Data shown:
○ ○ ○ ○ ○
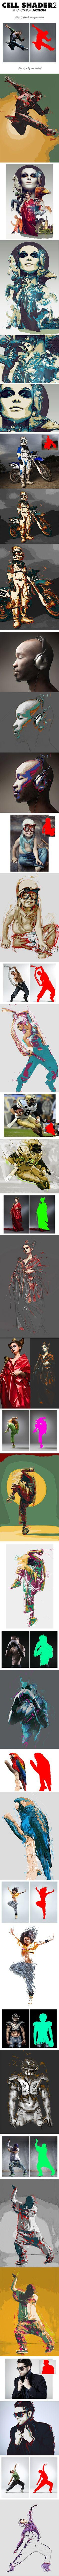 Cell Shader 2 Photoshop Action #design Download: http://graphicriver.net/item/cell-shader-2-photoshop-action/10624176?ref=ksioks
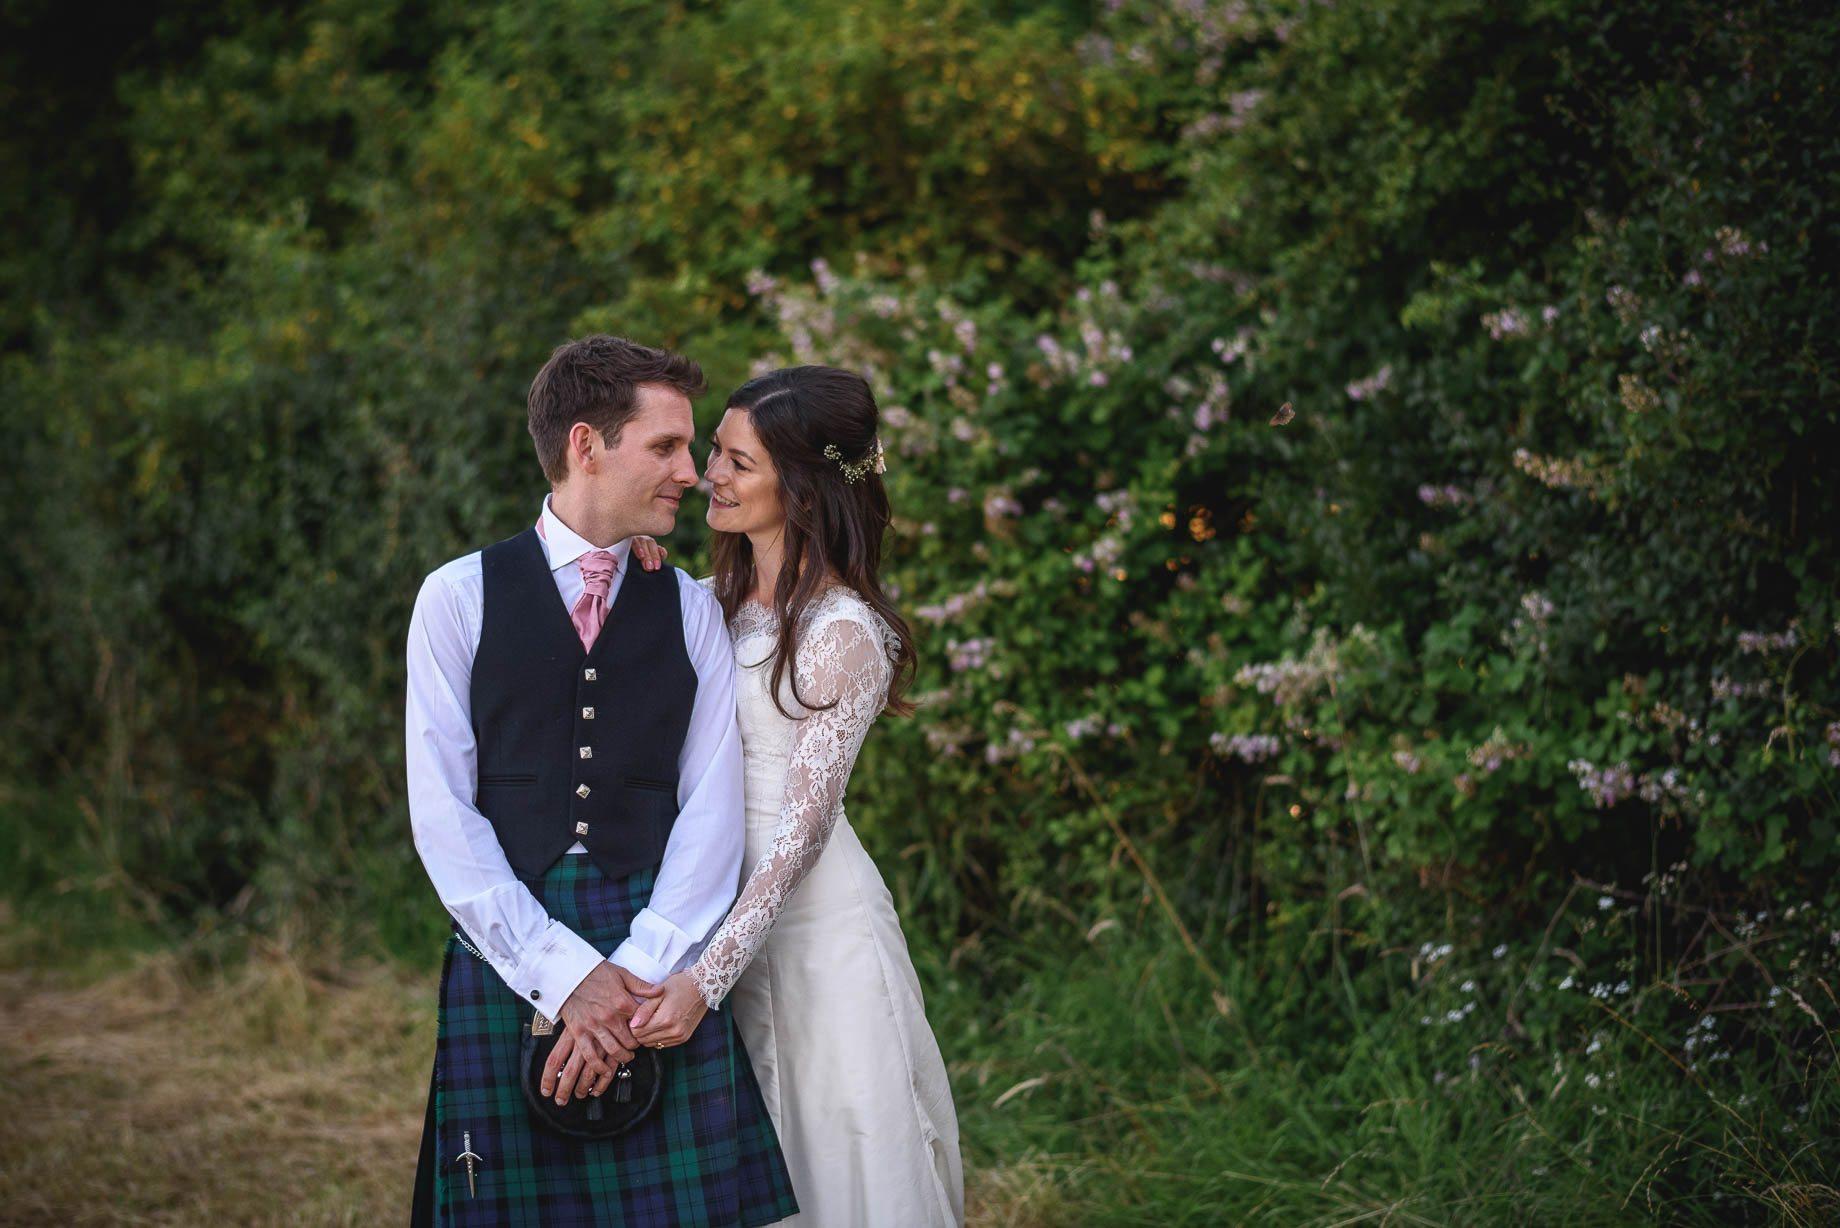 Gildings Barn wedding photography - Sarah and Steve (165 of 190)
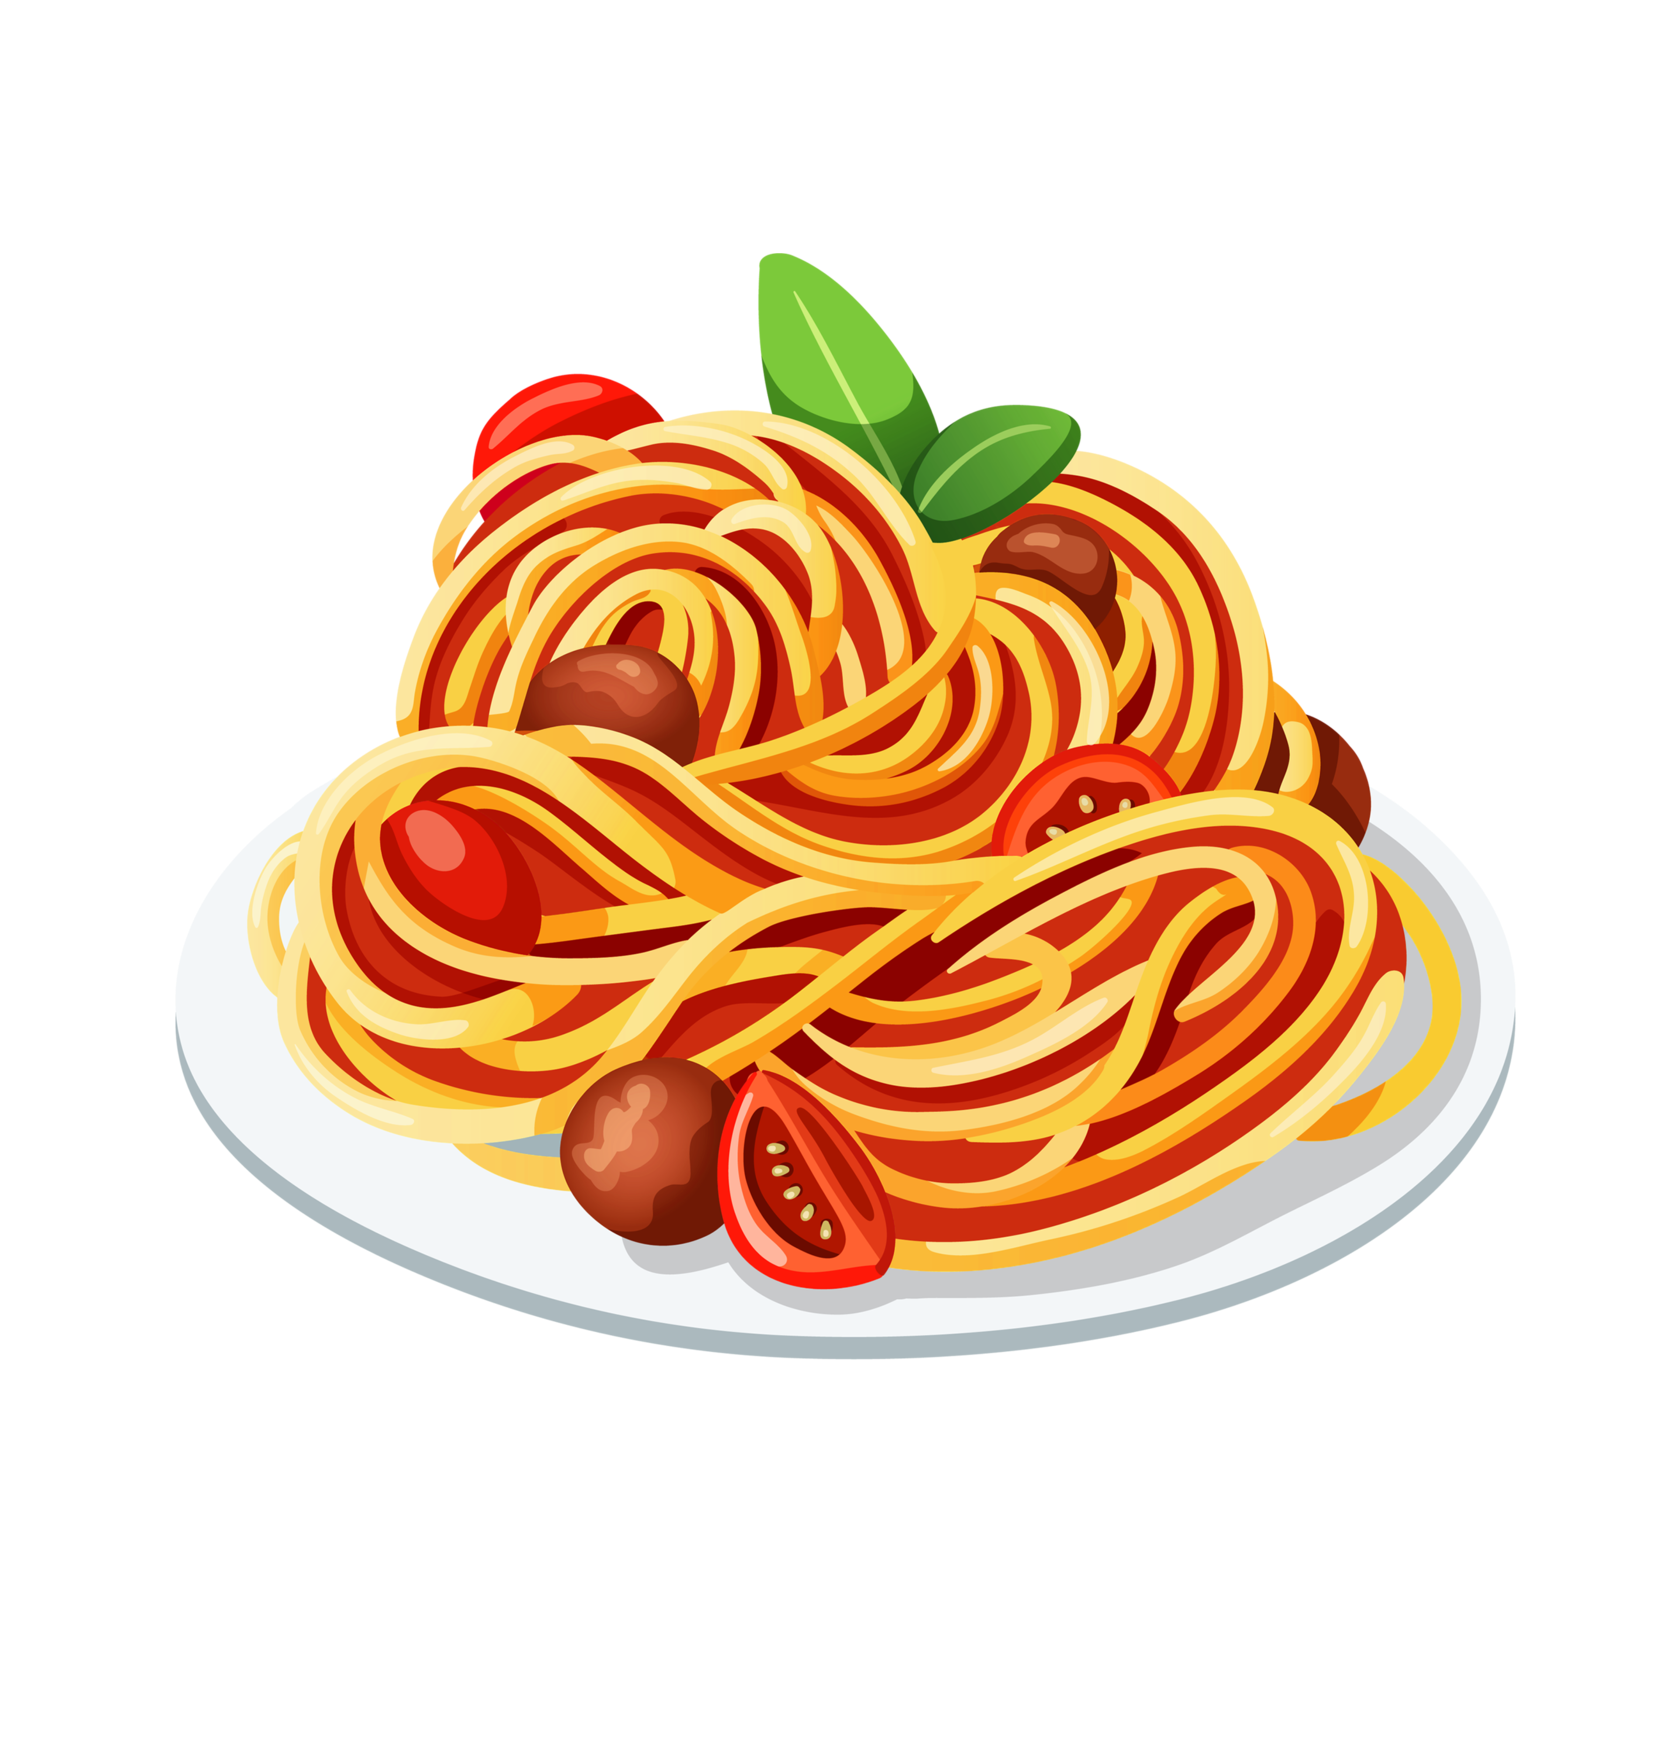 Italian clipart spaghetti italian. Pasta cuisine with meatballs
○ ○ ○ ○ ○
Work to be completed:
Look for the line that contains "Gildings Barn wedding", then please copy it and the rest of the lines through the end of the data, pictures excluded.

Final answer:
 Gildings Barn wedding photography - Sarah and Steve (165 of 190)
 Italian clipart spaghetti italian. Pasta cuisine with meatballs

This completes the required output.